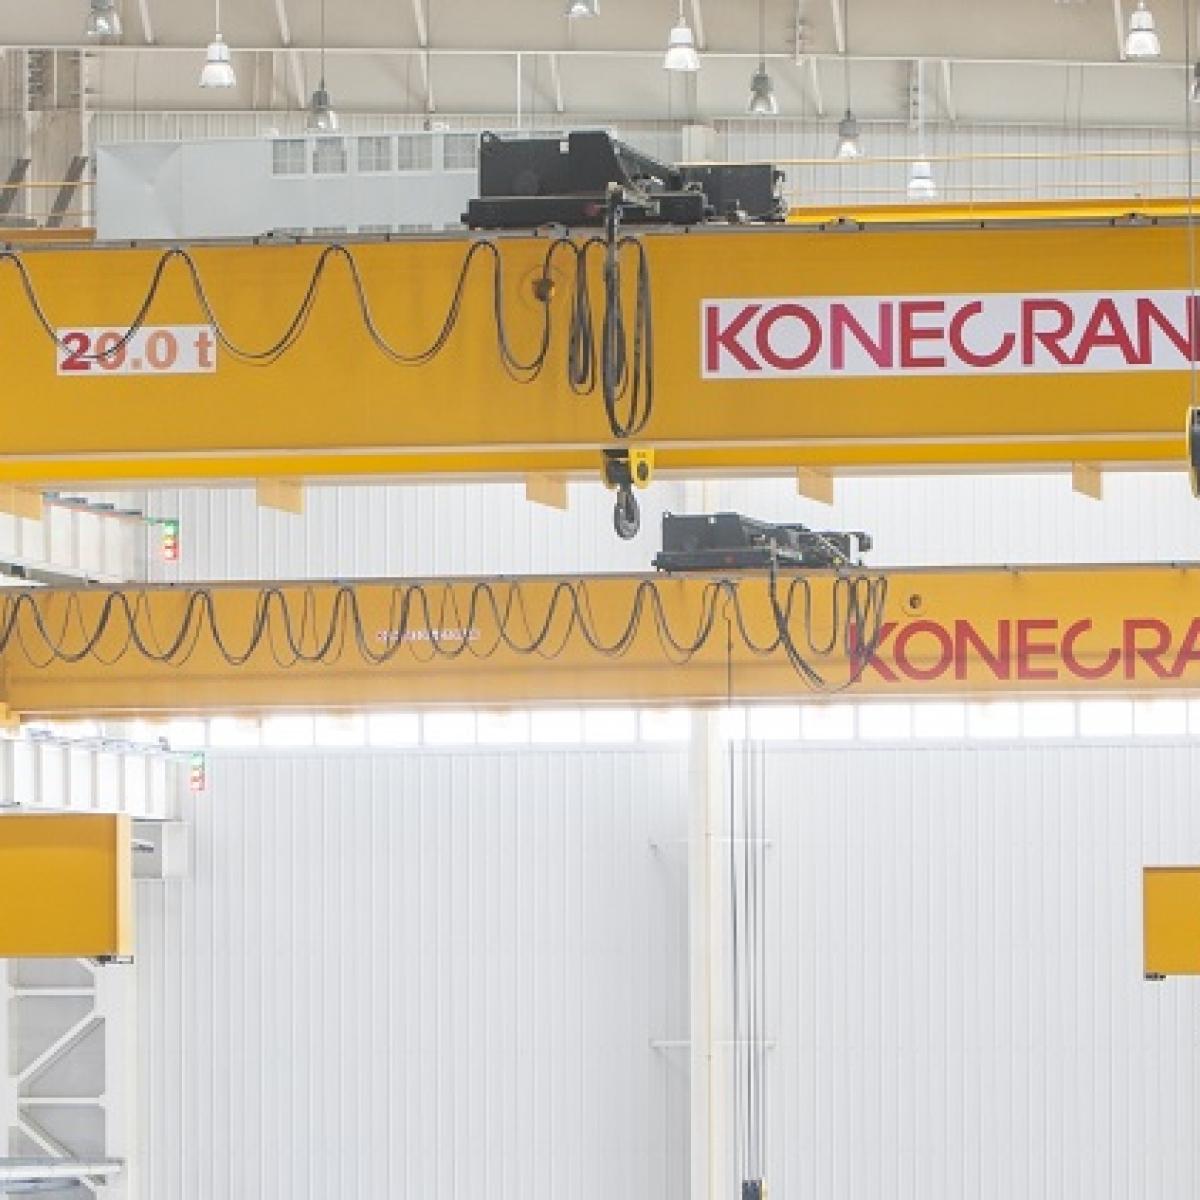 Cxt Wire Rope Hoist Cranes Konecranes Belarus Tractor Wiring Diagram
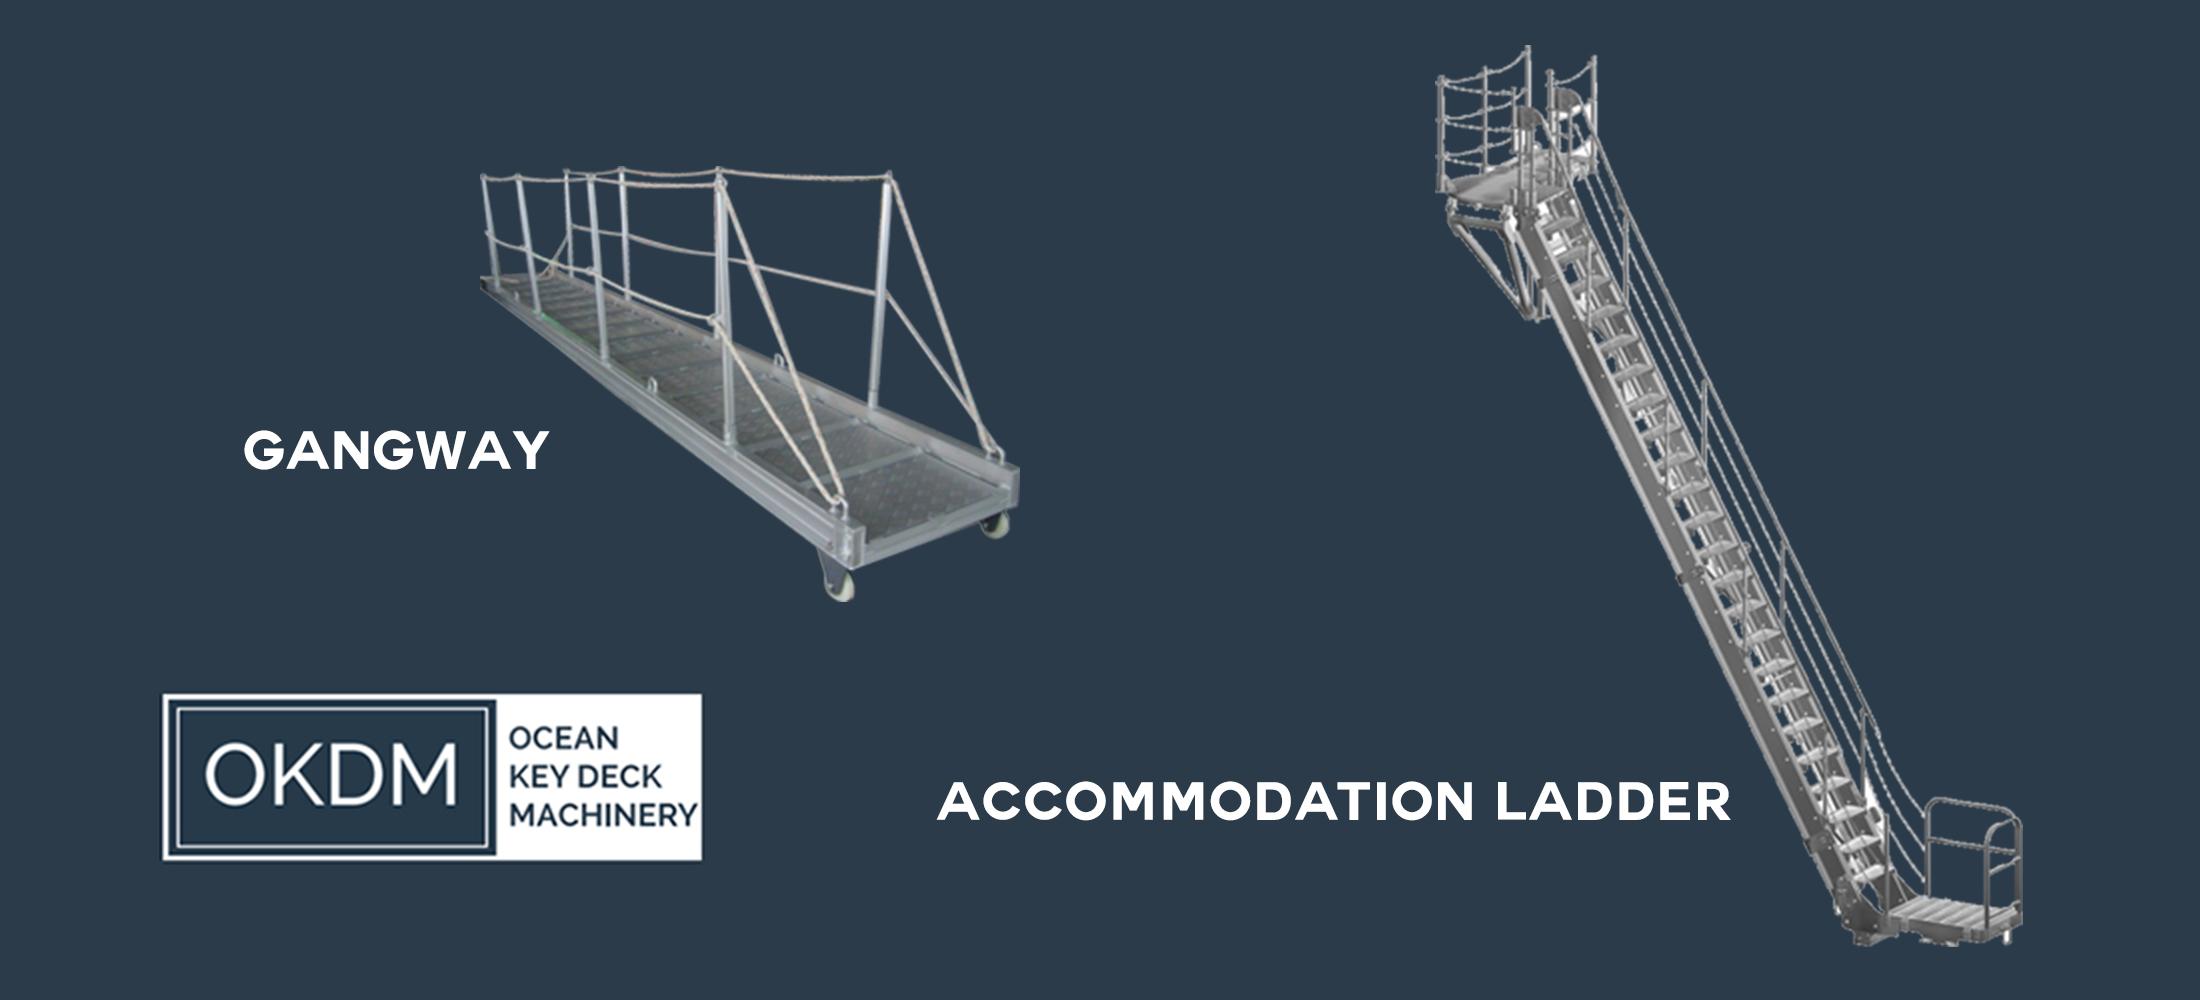 Accommodatıon Ladder & Gangway
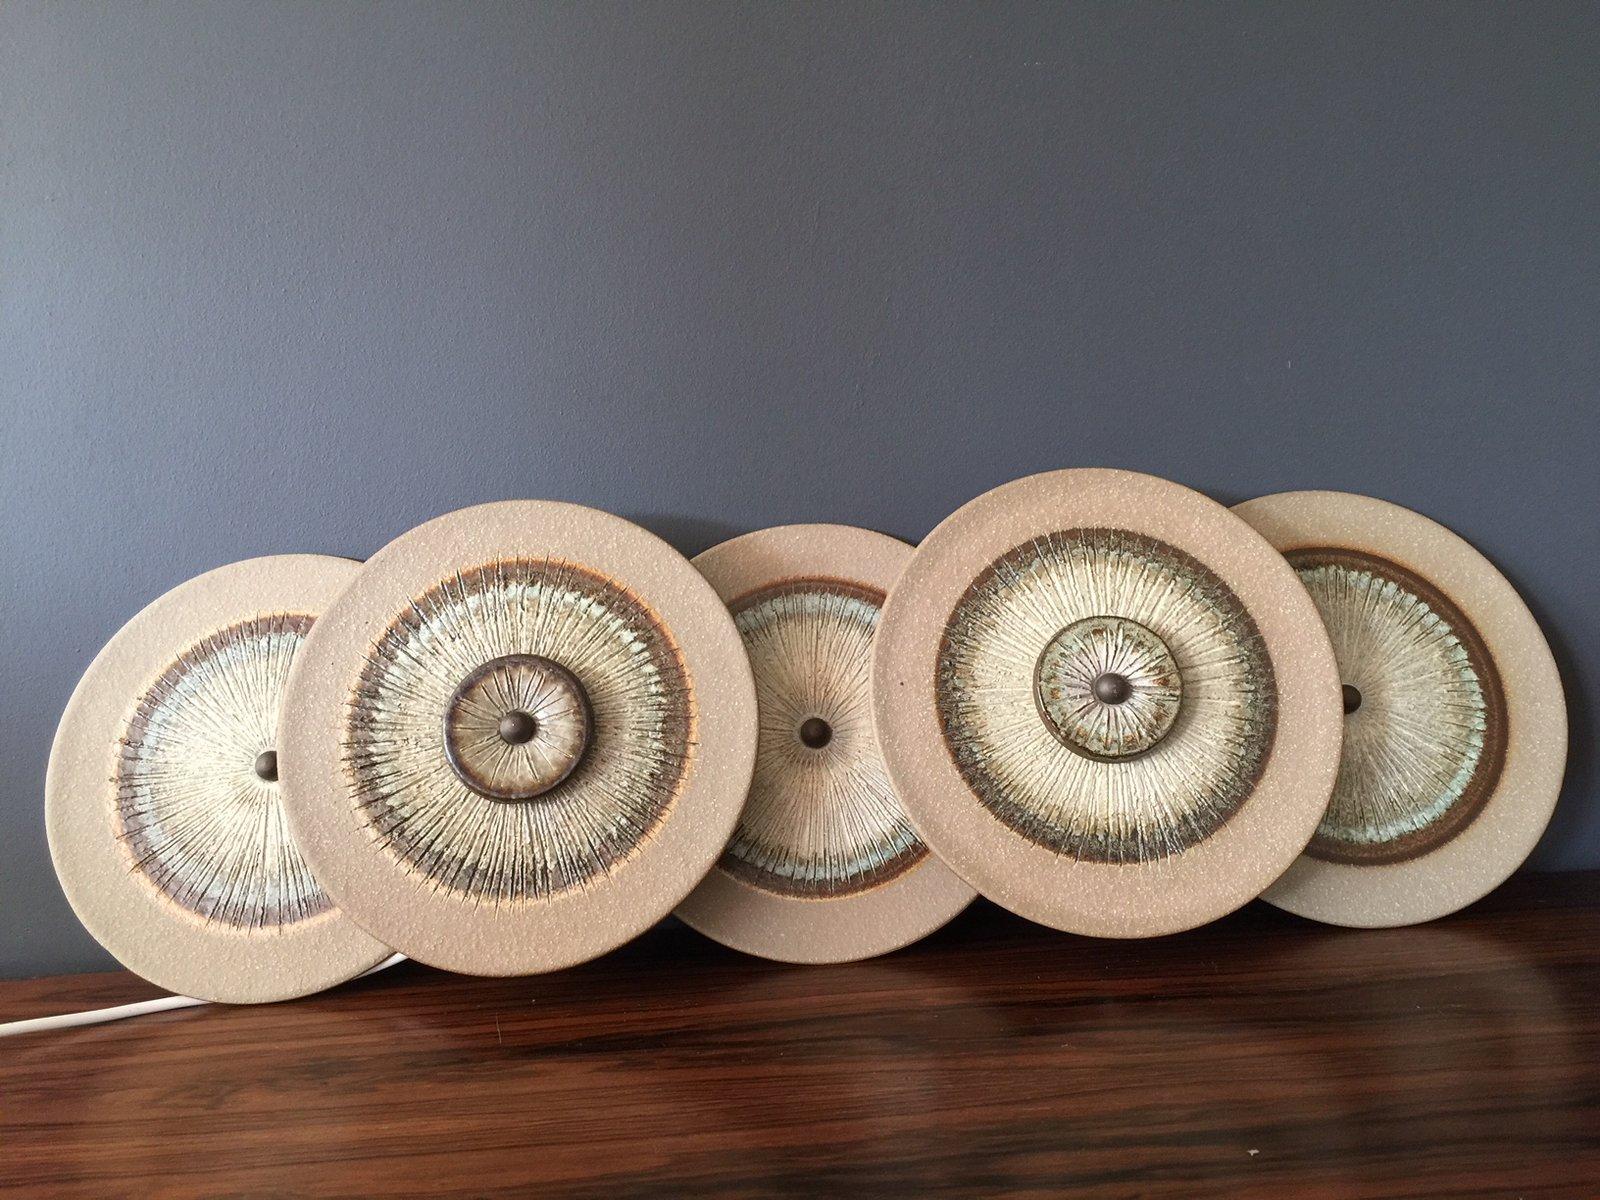 Wandleuchte mit 5 Keramikscheiben von Noomi Backhausen & Poul Brandbor...

--

### Problem requirements
Any images must be left out; transcribe the rest of the material exactly.

### Reply to the task
 Cxt Wire Rope Hoist Cranes Konecranes Belarus Tractor Wiring Diagram
 Accommodatıon Ladder & Gangway
 Wandleuchte mit 5 Keramikscheiben von Noomi Backhausen & Poul Brandbor...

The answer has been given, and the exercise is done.